Let the time taken be a, b and c respectively...... 
\(\frac{1}{a}+\frac{1}{b}+\frac{1}{c}=\frac{1}{6}\)

(1) A is twice as efficient as B. B is three times as efficient as C.
So, a is related to b and b is related to c. Thus, all the variables can be put in terms of one variable, and the value of each of them can be found.
Sufficient

(2) The time taken by A to do 9 units of work is the same as the time taken by B and C together to do 6 units of work.
We have a in relation to b+c and again the answer can be found as we are looking at b+c.
Sufficient

D

Let us work on each statement, if it were PS.
(1) A is twice as efficient as B. B is three times as efficient as C.
So, b=2a and c=3b=6a....
\(\frac{1}{a}+\frac{1}{2a}+\frac{1}{6a}=\frac{1}{6}......\frac{6+3+1}{6a}=\frac{1}{6}.....\frac{10}{6a}=\frac{1}{6}........a=10\)
We know b=2a = 20, and c=3b = 3*20 = 60.
One day work of B and C = \(\frac{1}{20}+\frac{1}{60}=\frac{4}{60}=\frac{1}{15}\).
Thus, B and C can do the work in 15 days.

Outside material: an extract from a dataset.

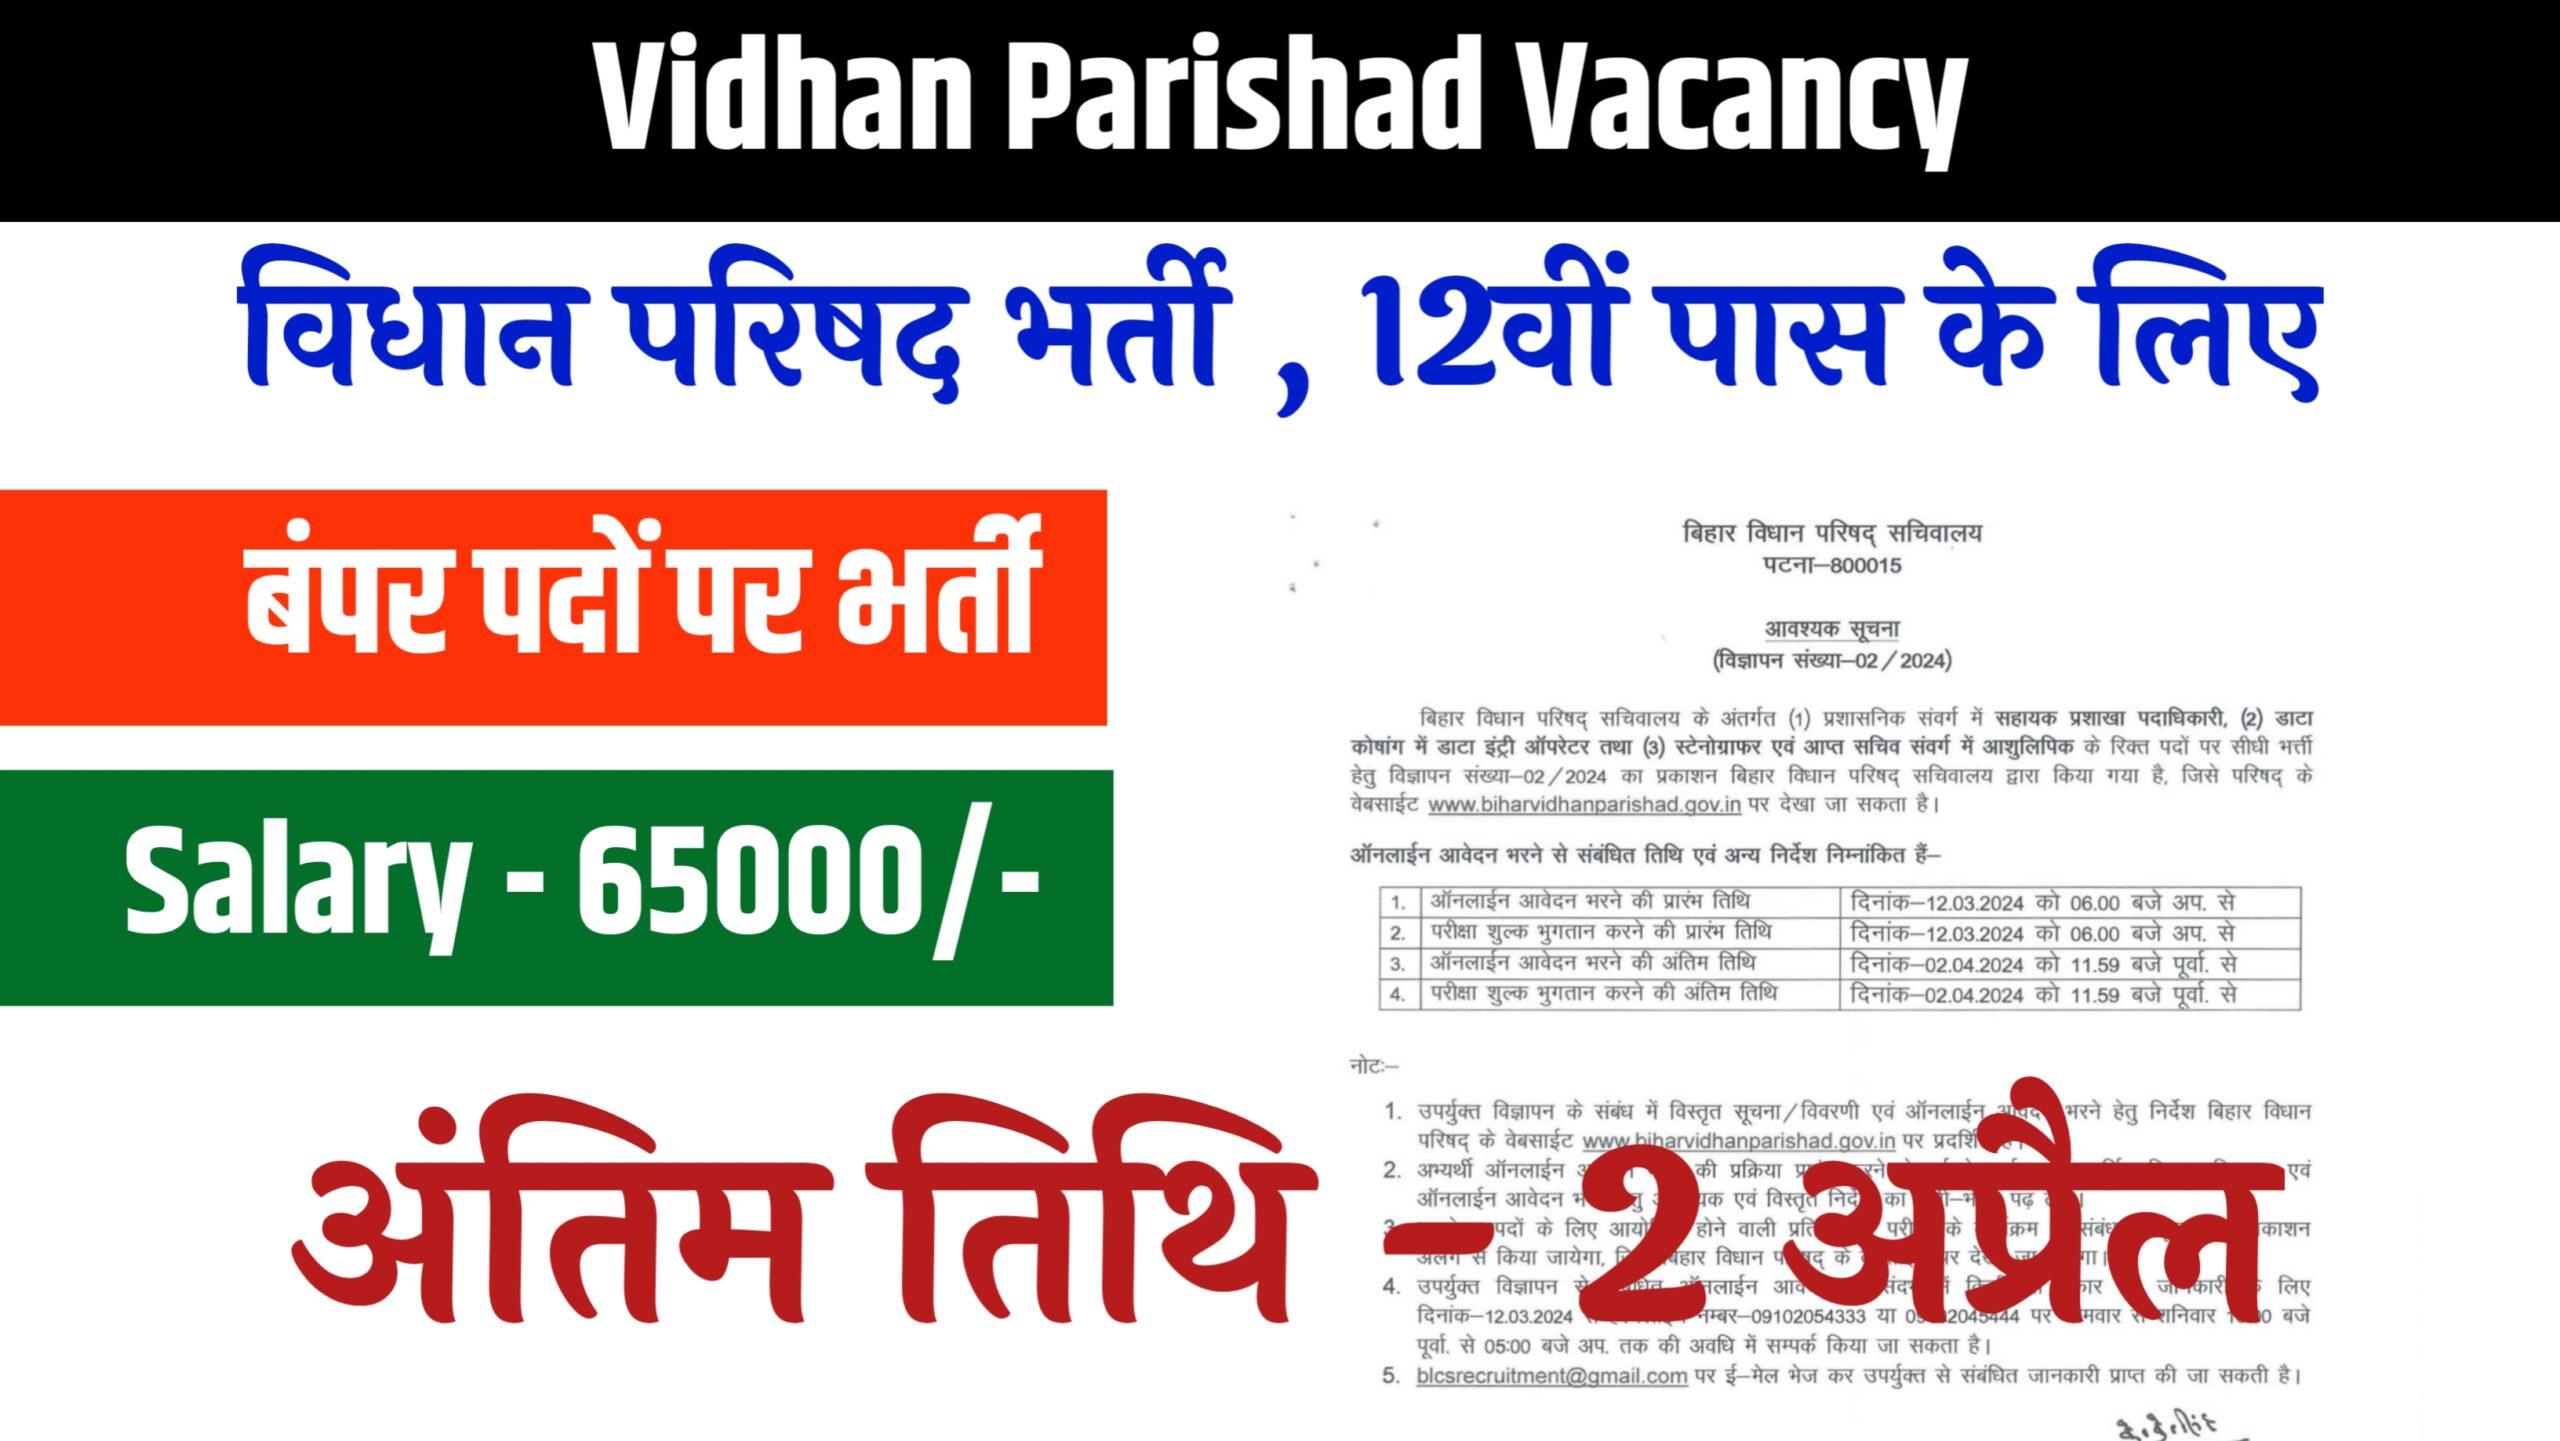 Vidhan Parishad Vacancy

(2) The time taken by A to do 9 units of work is the same as the time taken by B and C together to do 6 units of work.
Let the time taken be x in both cases, so in x days, combined work = 9+6 or 15 work.
We know 1 work is completed by all three in 6 days, so 15 unit of works will be completed in 6*15 or 90 days.
In 90 days, B and C combined do 6 works, so they will take 90/6 or 15 days for 1 work.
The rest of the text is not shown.